*What the task asks:* Write out the listing below in its entirety, minus the pictures, without changing a word.

*The data:*
——
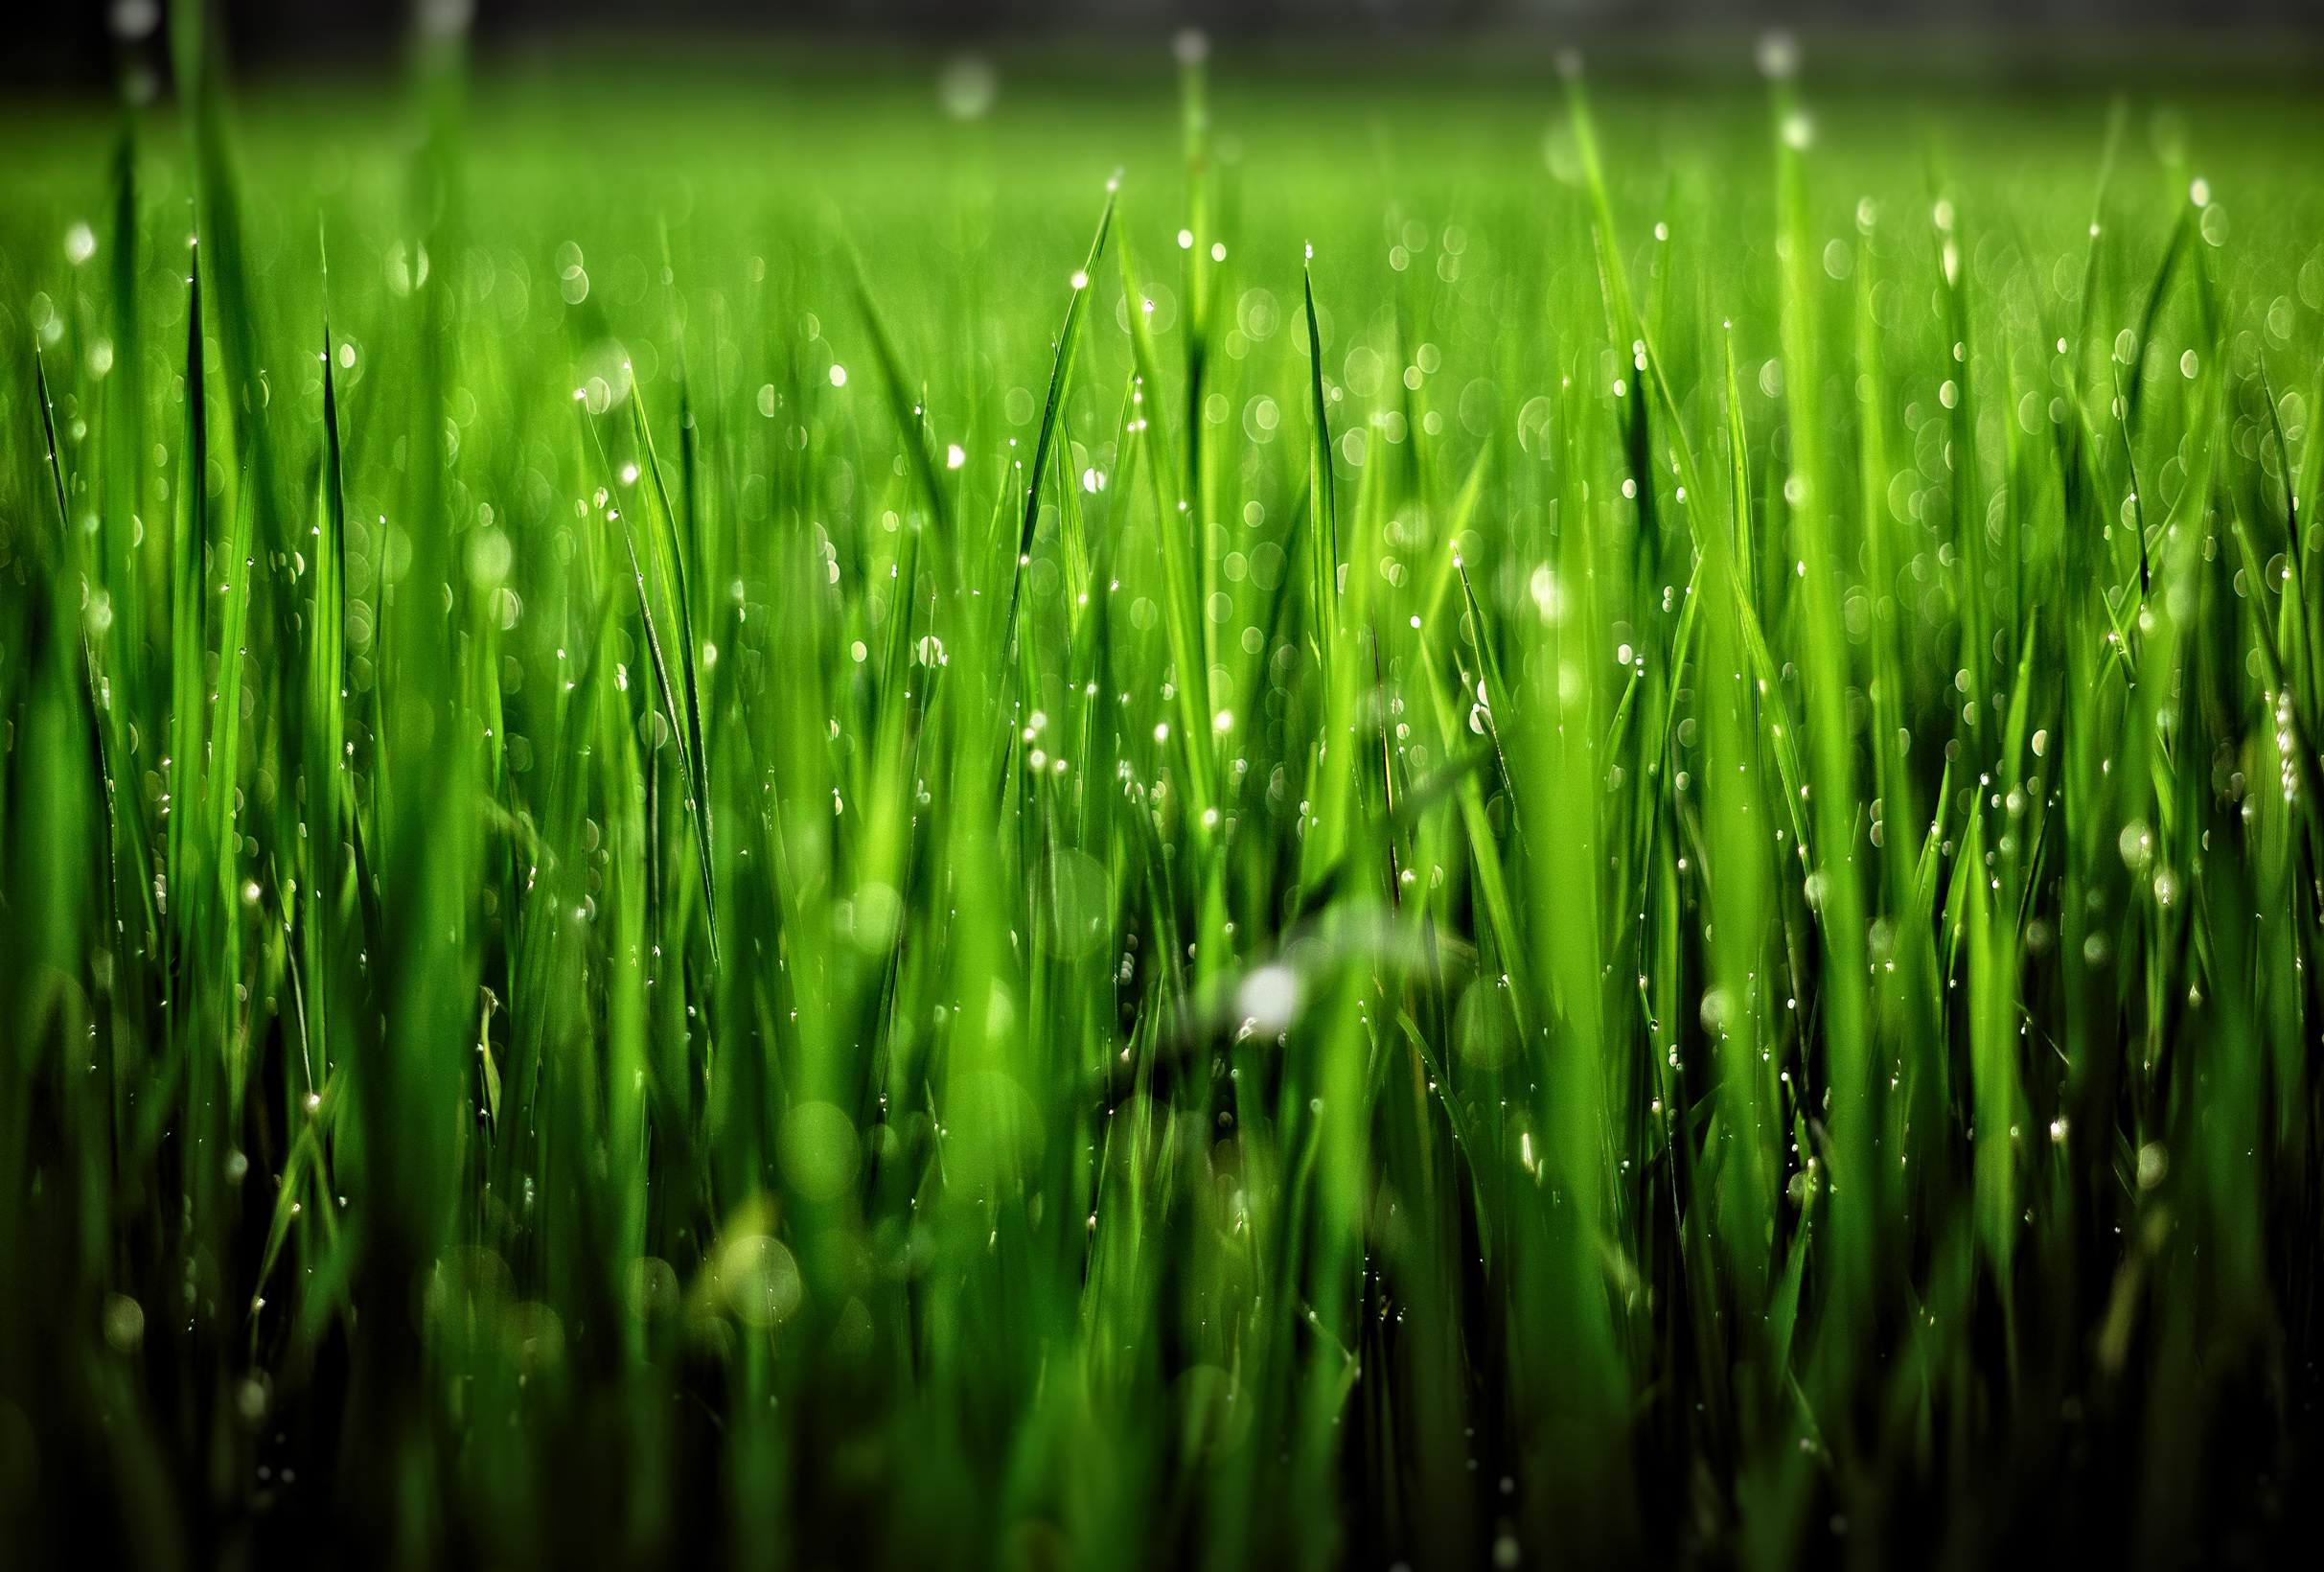 Grass with droplets - shallow focus photo
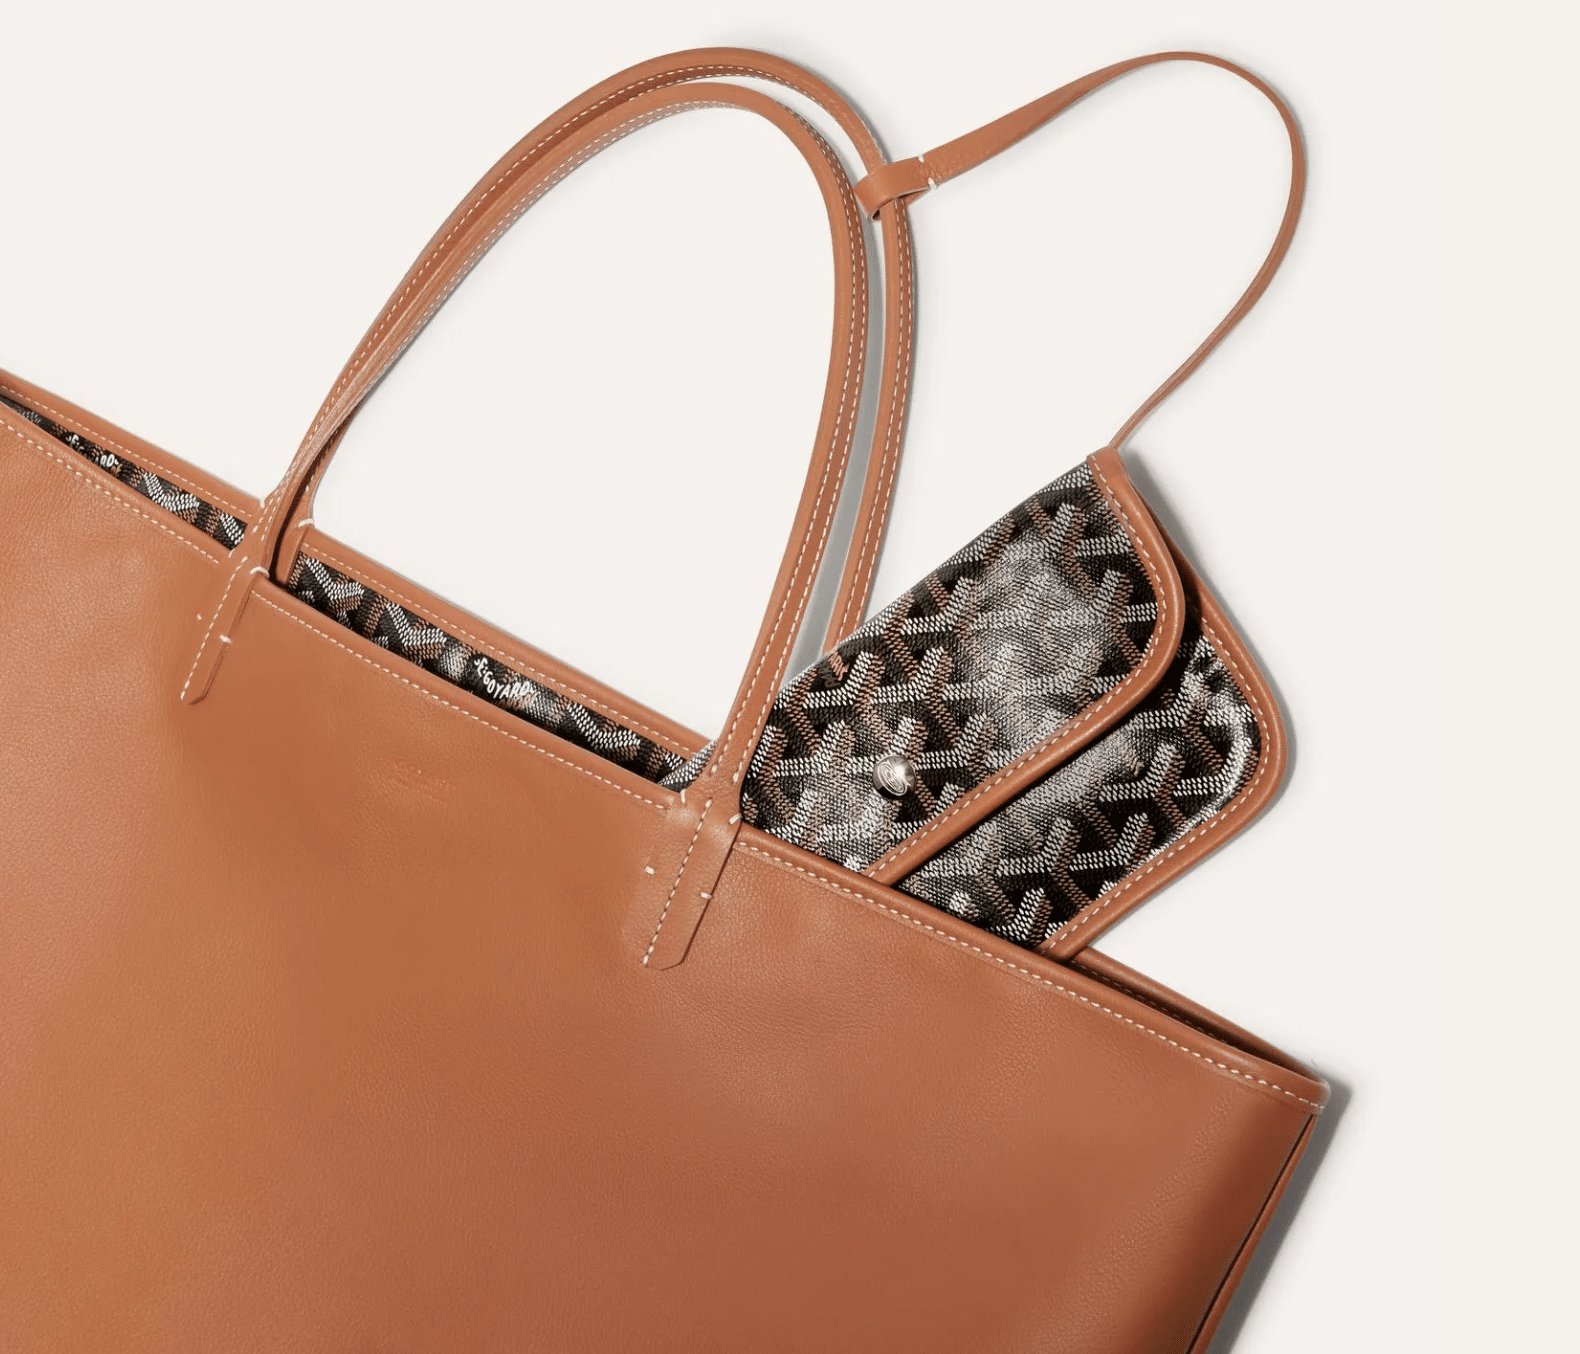 Read more about the article Goyard Tote: The Specific Difference Between All Goyard Totes
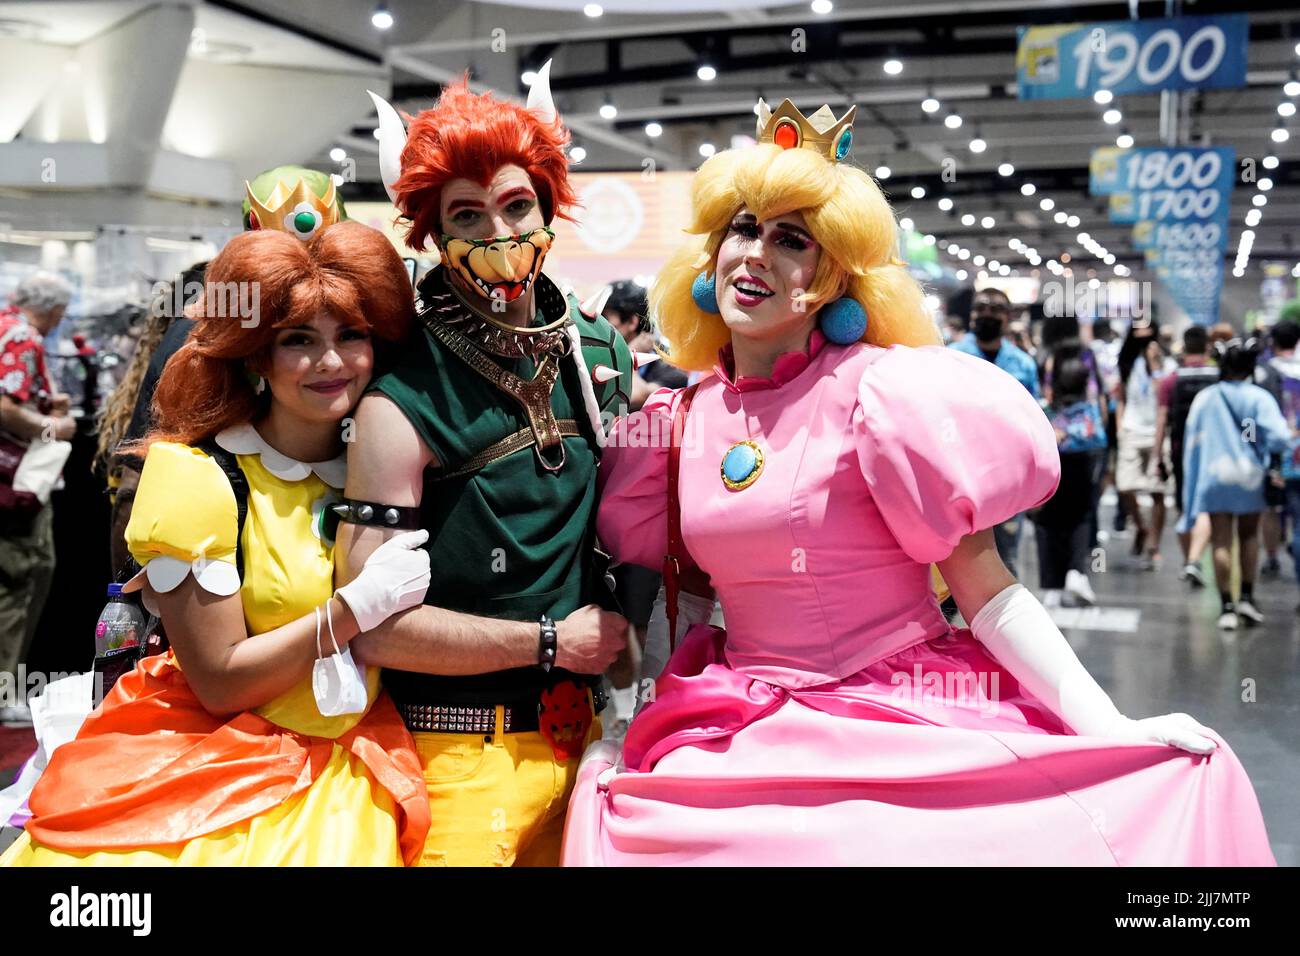 Karamia Capri (L), Alec Crow, and Jimmy Sherfy cosplay as Princess Daisy,  Bowser, and Princess Peach from the Mario video games at Comic-Con  International in San Diego, California, U.S., July 23, 2022.
——
*Answer section:*
 Grass with droplets - shallow focus photo
 Read more about the article Goyard Tote: The Specific Difference Between All Goyard Totes
 Karamia Capri (L), Alec Crow, and Jimmy Sherfy cosplay as Princess Daisy,  Bowser, and Princess Peach from the Mario video games at Comic-Con  International in San Diego, California, U.S., July 23, 2022.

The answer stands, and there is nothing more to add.